What types of products are usually bought together for a common charcuterie board? How can we design effective promotions that encourage customers to buy more products together as listed in our common charcuterie board introduction?
Based on the rule tables, the commonly Paired Products are typically bought together and have a strong connection indicated by rule table are:
Effective Promotion Strategies: Curated Charcuterie Kits: Create bundles that include all essential items: cured meats, cheeses, assorted bread & crackers, and fruits. Offer these kits at a slight discount or cashback or double reward points compared to buying items individually to incentivize purchase. This can encourage bulk purchases and reward repeat customers.
For the target group of marketing is 45-54, hosting in-store tasting events where customers can sample combinations of cured meats, cheeses, fruits, and crackers. This can help them discover new pairings and encourage them to purchase the featured items from gourmet charcuterie board brands and store made board
The analysis reveals distinct purchasing trends for charcuterie board items, highlighting peak sales around significant holidays such as New Year’s, Thanksgiving, and Christmas. These seasonal spikes indicate a strong consumer interest in charcuterie boards during festive occasions, suggesting that targeted promotional strategies should be developed to capitalize on this demand.
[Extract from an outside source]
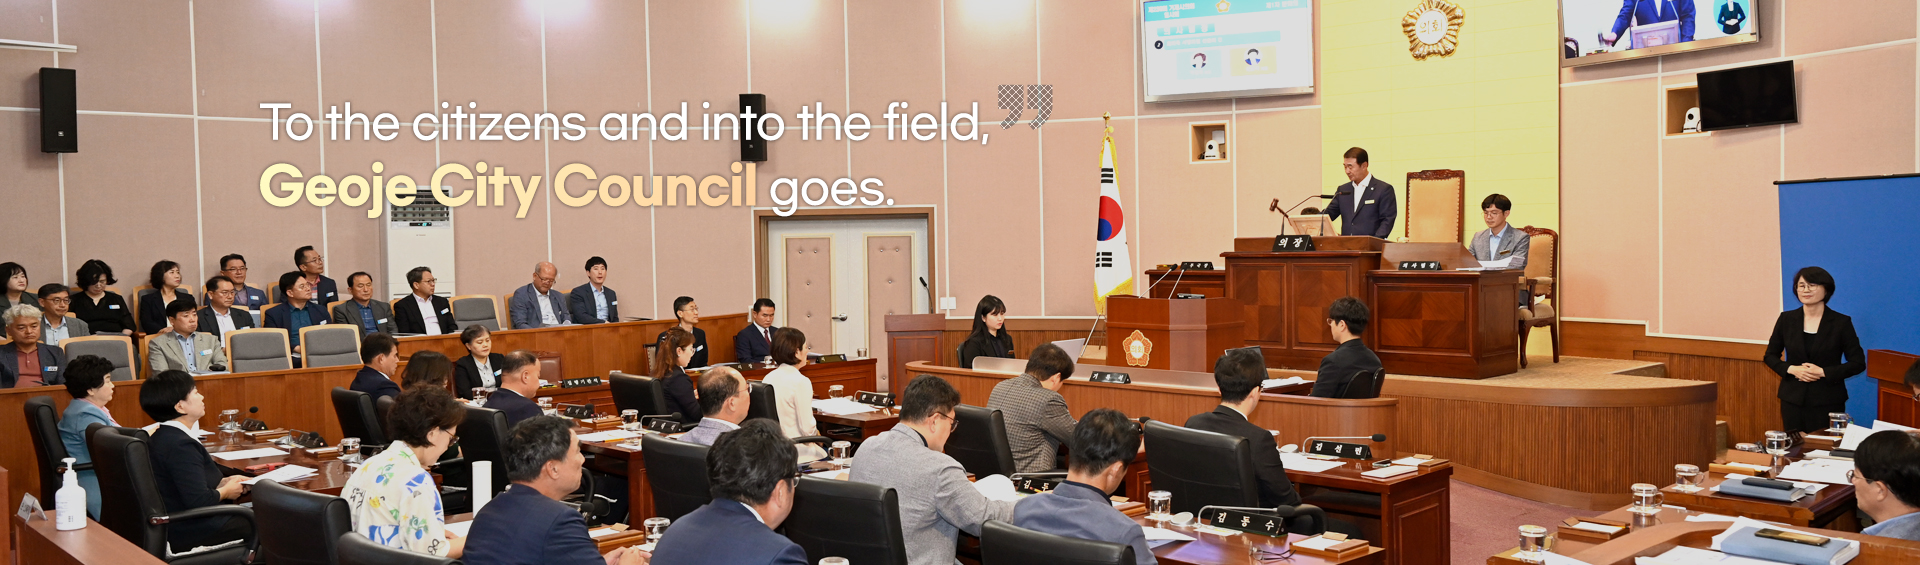 To the citizens and into the field, Geoje City Council goes.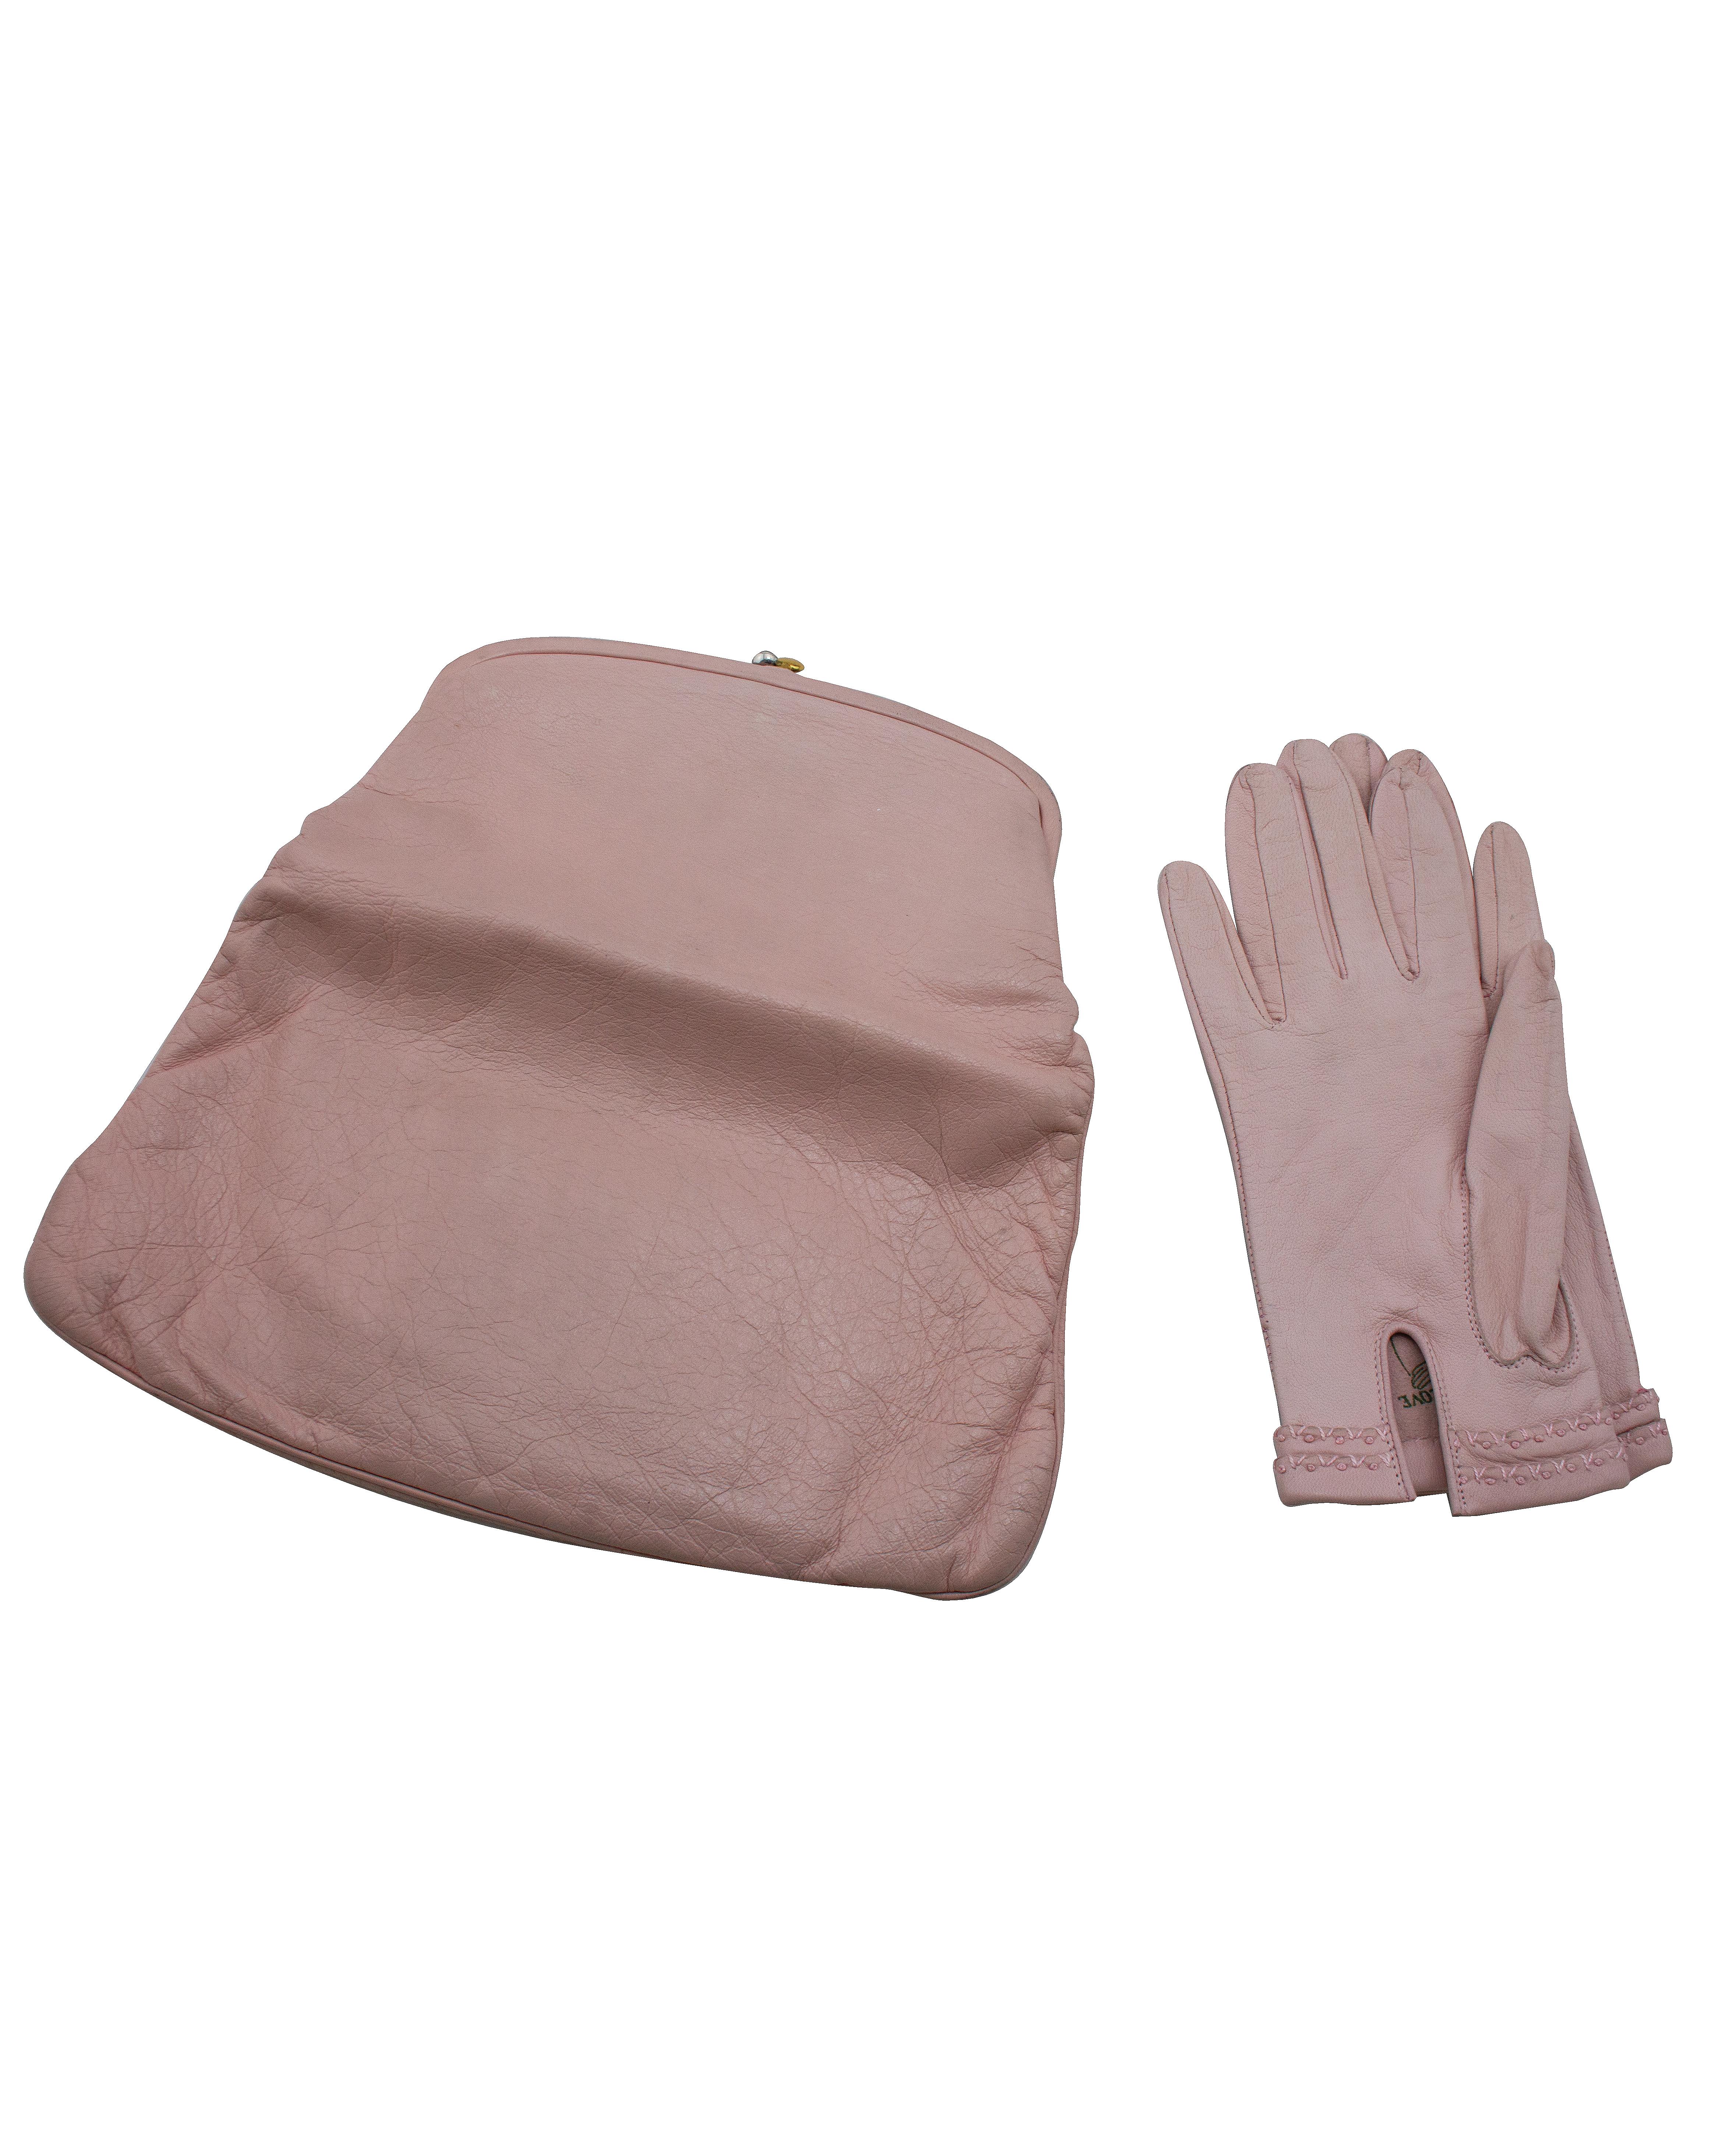 1950's pastel pink kid leather classic Coblentz fold over clutch with matching pink leather gloves. Rarely found in leather this classic shape is lined in navy corded silk and closes with a gilt metal hard frame kiss lock. The added feature of

To optimize sales throughout the year, brands can create seasonal or holiday-themed charcuterie board/box that feature carefully curated selections of items like Cured Meats, Cheeses, Bread, Crackers, Fruits (indicated in Frequent Set Items). An area for growth could be to add nuts, spreads and olives to the charcuterie board items. There was no purchase or link of these items to our frequent set. This approach not only caters to customers looking for convenient options for gatherings but also enhances the shopping experience by simplifying decision-making during busy times and increase sales by bundling products.
Additionally, the insights regarding demographics suggest that marketing efforts should focus on middle-aged consumers, who may be purchasing on behalf of older family members. Tailored promotions, such as personalized paper coupons or cashback offers, could further engage other groups, encouraging them to buy charcuterie items for family gatherings and events.
There is only one year of transaction data, which might be bias because different year can have a different purchasing trends such as during COVID-19. We could use the same method of analysis to look at other complementary items such as BBQ and explore further on brand vs store products to drive sales.